Oil and gas producing activities include:

 

  (A)

The search for crude oil, including condensate and natural gas liquids, or natural gas (“oil and gas”) in their natural states and original locations;

 

  (B)

The acquisition of property rights or properties for the purpose of further exploration or for the purpose of removing the oil or gas from such properties;

 

  (C)

The construction, drilling, and production activities necessary to retrieve oil and gas from their natural reservoirs, including the acquisition, construction, installation, and maintenance of field gathering and storage systems, such as:

 

  (1)

Lifting the oil and gas to the surface; and

 

  (2)

Gathering, treating, and field processing (as in the case of processing gas to extract liquid hydrocarbons); and

 

  (D)

Extraction of saleable hydrocarbons, in the solid, liquid, or gaseous state, from oil sands, shale, coalbeds, or other nonrenewable natural resources which are intended to be upgraded into synthetic oil or gas, and activities undertaken with a view to such extraction.

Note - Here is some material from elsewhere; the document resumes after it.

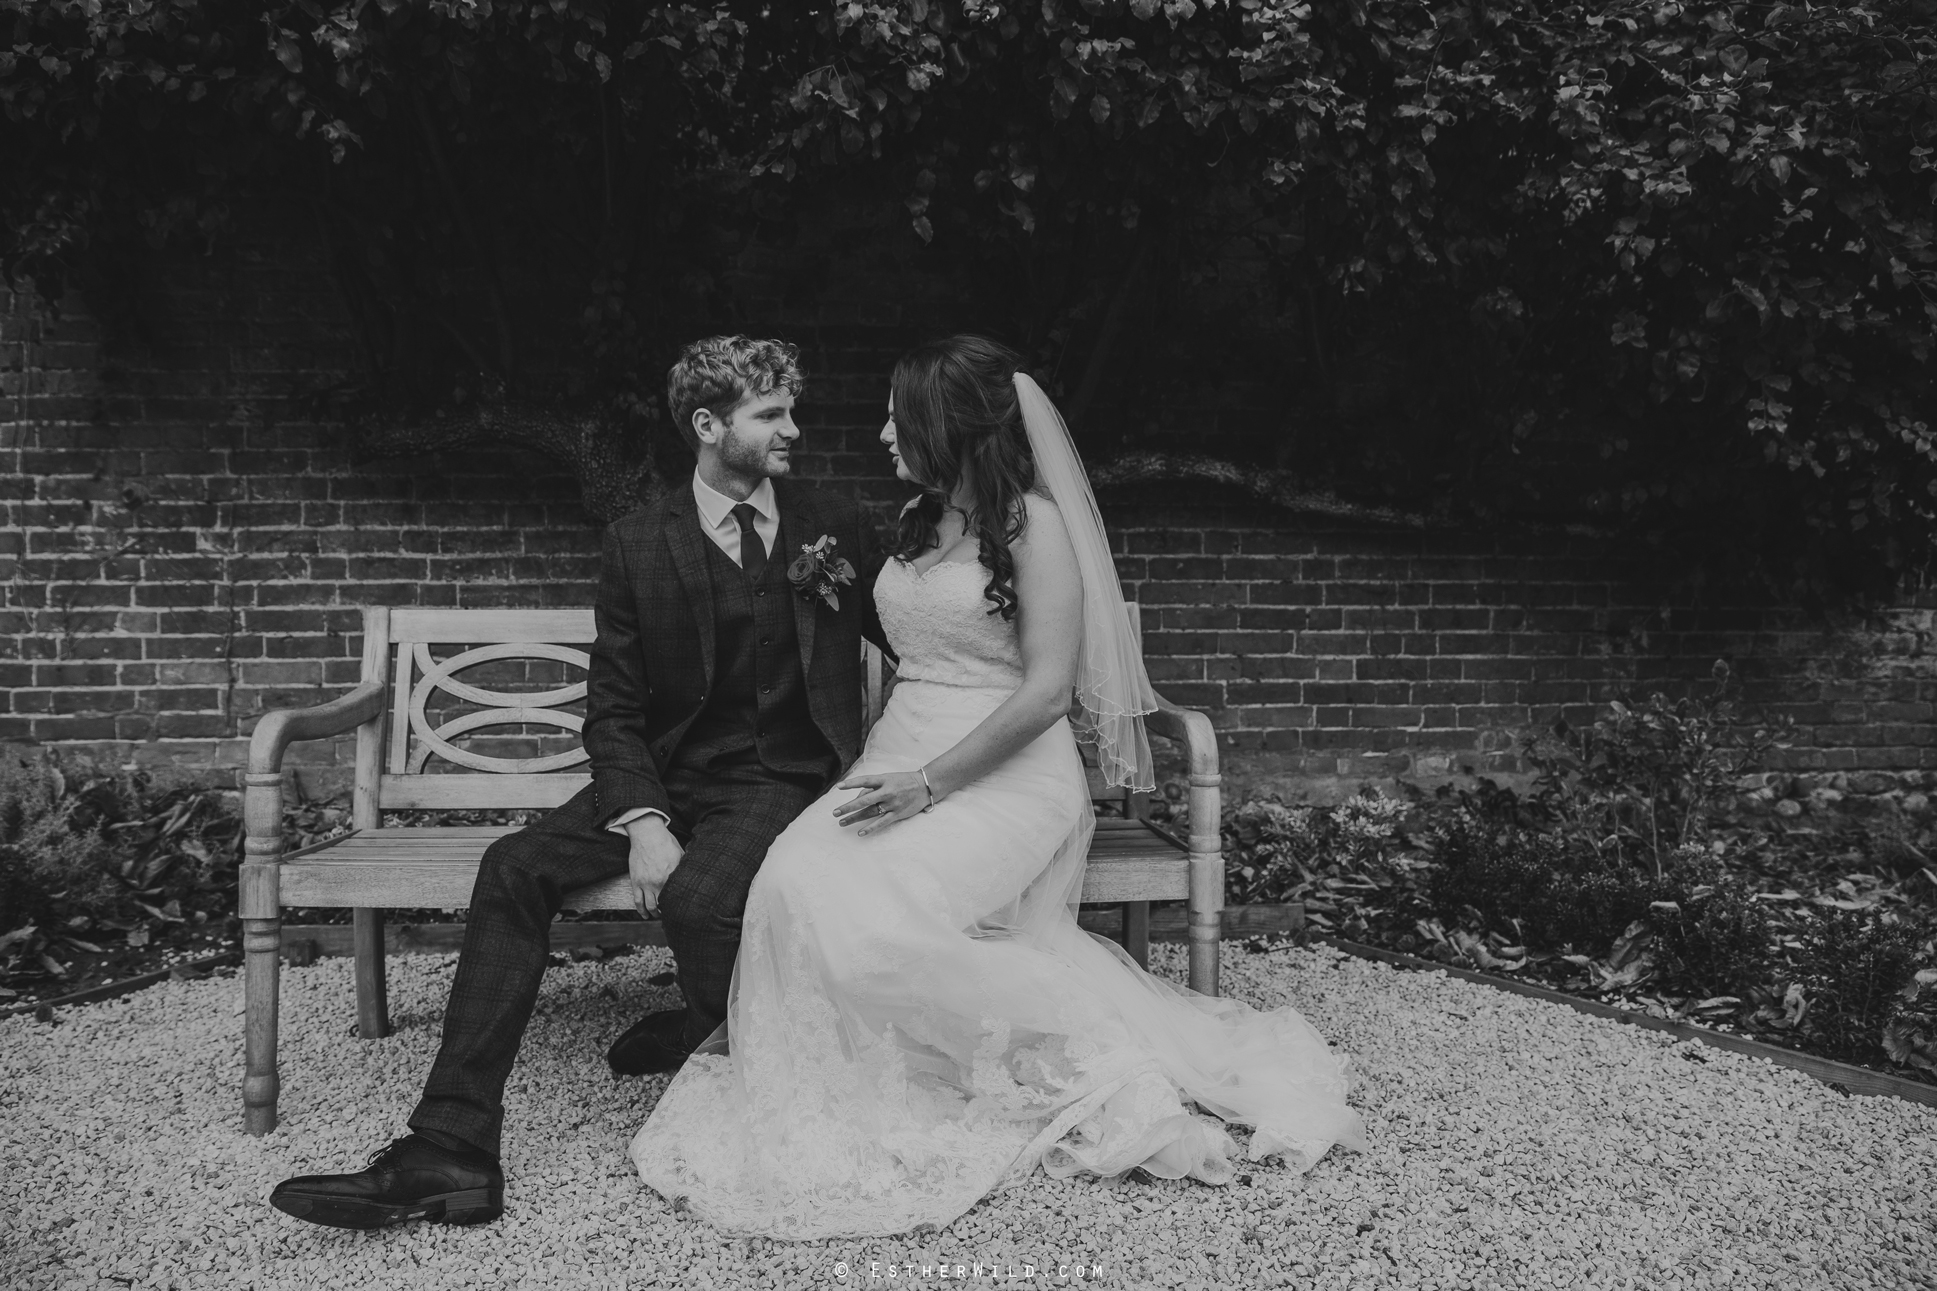 Reading_Room_Weddings_Alby_Norwich_Photographer_Esther_Wild_IMG_1712-1.jpg

Instruction 1 to paragraph (a)(16)(i): The oil and gas production function shall be regarded as ending at a “terminal point”, which is the outlet valve on the lease or field storage tank. If unusual physical or operational circumstances exist, it may be appropriate to regard the terminal point for the production function as:

 

  a.

The first point at which oil, gas, or gas liquids, natural or synthetic, are delivered to a main pipeline, a common carrier, a refinery, or a marine terminal; and

 

  b.

In the case of natural resources that are intended to be upgraded into synthetic oil or gas, if those natural resources are delivered to a purchaser prior to upgrading, the first point at which the natural resources are delivered to a main pipeline, a common carrier, a refinery, a marine terminal, or a facility which upgrades such natural resources into synthetic oil or gas.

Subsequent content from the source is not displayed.